Alonzo M. Fuller House
by: chicago designslinger
[Alonzo M. Fuller House (1890) Frederick W. Perkins, architect /Image & Artwork: chicago designslinger]
Frederick W. Perkins was a Chicago based architect who had a very lucrative and productive career - yet most people have never heard of him. Even so, Perkins was one of the city's socially registered go-to architects at the close of the 19th century and first quarter of the 20th. And for those who may be wondering, he was not related to the more famous and achitecturally recognized Dwight Perkins. This Perkins designed homes and investment properties for some of the city's bigger big wigs like Joseph Leiter, son of Chicago retail and real estate tycoon Levi Leiter. F.W. Perkins designed Chateauesque style mansions for Philip Armour on Prairie Avenue and John Shedd on Drexel Boulevard.
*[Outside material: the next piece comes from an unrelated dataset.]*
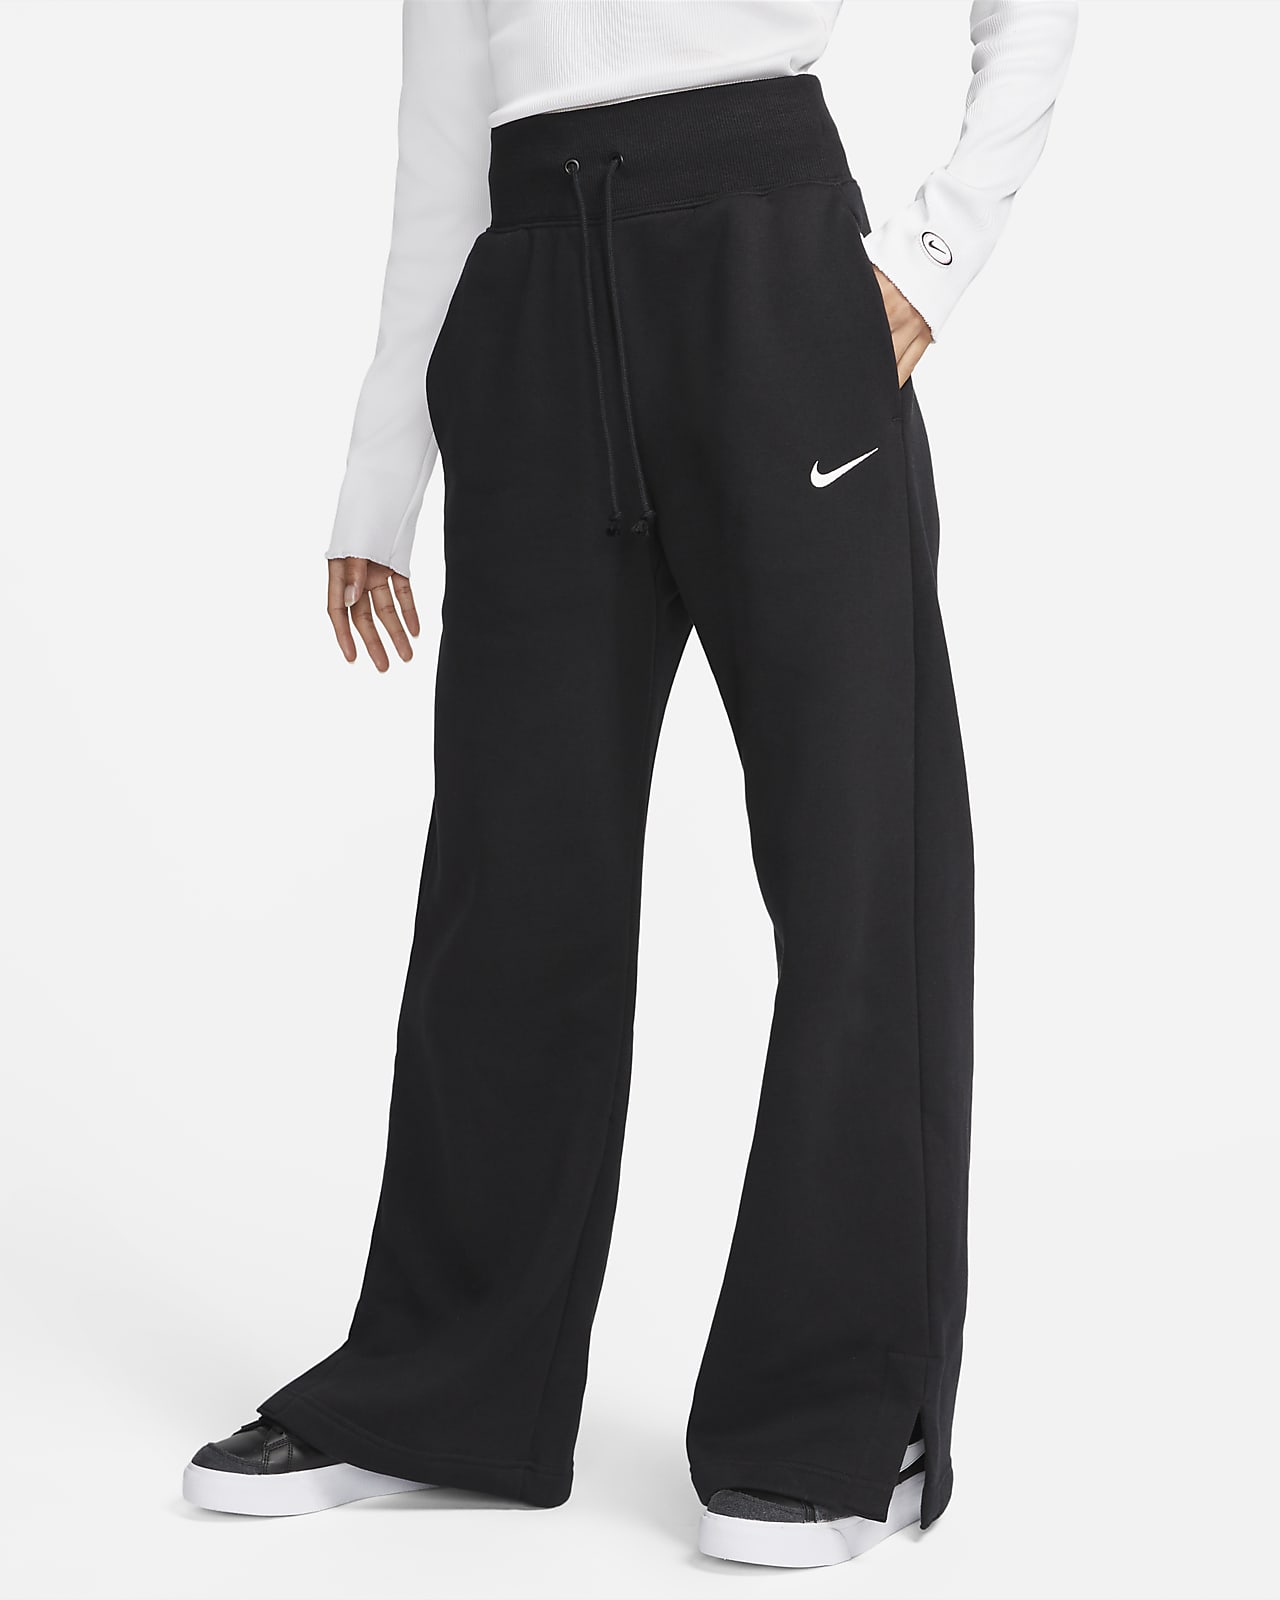 Pantalon Nike Sportswear Mujer Gris

The Lake Forest house Shedd had built for his daughter and son-in-law Charles Schweppe was a Perkins commission, and the summer homes on Mackinac Island for industrialist Michael Cudahy and attorney Lawrence Young - which later became the summer residence of the Michigan's governor - were done by Perkins as well. His style choices were eclectic to say the least, which apparently made him a popular choice for some of the city's prominent residents. But before those jobs appeared on Perkins' drafting table, and four years after starting his private architectural practice, the Phillips Exeter Academy and MIT graduate designed one of his first major residential commissions for wholesale grocer Alonzo M. Fuller in 1890 in a style influence by the work of architect Henry Hobson Richardson with a few Queen Anne-styled flourishes added into the mix.
[Alonzo M. Fuller House, 4832 S. Ellis Avenue, Chicago /Image & Artwork: chicago designslinger]
Alonzo Fuller came to Chicago in the early 1860s and got a job working in the fancy candies and fruits emporium of William M. Hoyt. Three years later Fuller and his co-worker Robert Bennett bought the store from Hoyt and watched their business venture go up in smoke along with a large portion of the rest of the city in 1871. They rebuilt, but in 1873 merged their enterprise with Hoyt's new wholesale grocery business and Fuller married Hoyt's sister Lotta. In 1882 William M. Hoyt & Company was incorporated with Hoyt as president; Fuller as vice-president, general purchaser and sales manager; and Bennett as secretary/treasurer. By 1890, when Perkins's house for the Fullers was built, Hoyt & Co. was generating over $3 million in yearly sales.
[Alonzo M. Fuller House, Hyde Park - Kenwood National Historic District, Chicago /Image & Artwork: chicago designslinger]
Chicago's wholesale grocers supplied the food stuffs found in small grocery stores around the city and the Midwest. Back-in-the day before the mega-corporate grocery store chains appeared on the scene, the small neighborhood market was the main supply line for meats, along with canned and dry goods products, for millions of shoppers. Due to the city's strategic transportation location, Chicago became home to some of the largest wholesale grocers in the nation- and William Hoyt & Co. was one of them. Given his stature as one of the ones who'd made it big in his adopted city, Fuller decided to build his multi-storied mansion on a very large lot on an up-and-coming street lined with other very large lots, in the Kenwood section of Chicago. Fuller's Ellis Avenue, and the adjacent Drexel Boulevard, would become the site of some of the city's largest houses, built with some of the city's large fortunes. Yet for all the energy and expense put into their "we have arrived" dwelling, the Fullers only occupied the house for a relatively short eight years when the 63-year-old wholesale merchant decided to retire from Hoyt & Co. and sell Perkins's stone-faced architectural statement.
[Alonzo M. Fuller House, Kenwood Historic District, Chicago /Image & Artwork: chicago designslinger]
The house was purchased by the very aristocratic sounding Wellington E. Cudney. Ironically - or not - Cudney was also in the wholesale grocery business as a purveyor of meat and meat associated products in and around the Midwest region. A grocer, or hotel kitchen for instance, would order sides of beef from Cudney & Company Wholesale Provisions that would be shipped-out to locations near and far from their plant at Orleans and Kinzie Streets. And although the Cudneys lived in the house for far longer than the Fullers by the time of Wellington Cudney's death in 1931, Alonzo M. Fuller's name will be forever attached to the Ellis Avenue manse because in the way of the world of house naming, it's usually whoever commissioned the job and ponied-up the cash in the first place, who gets to keep the name.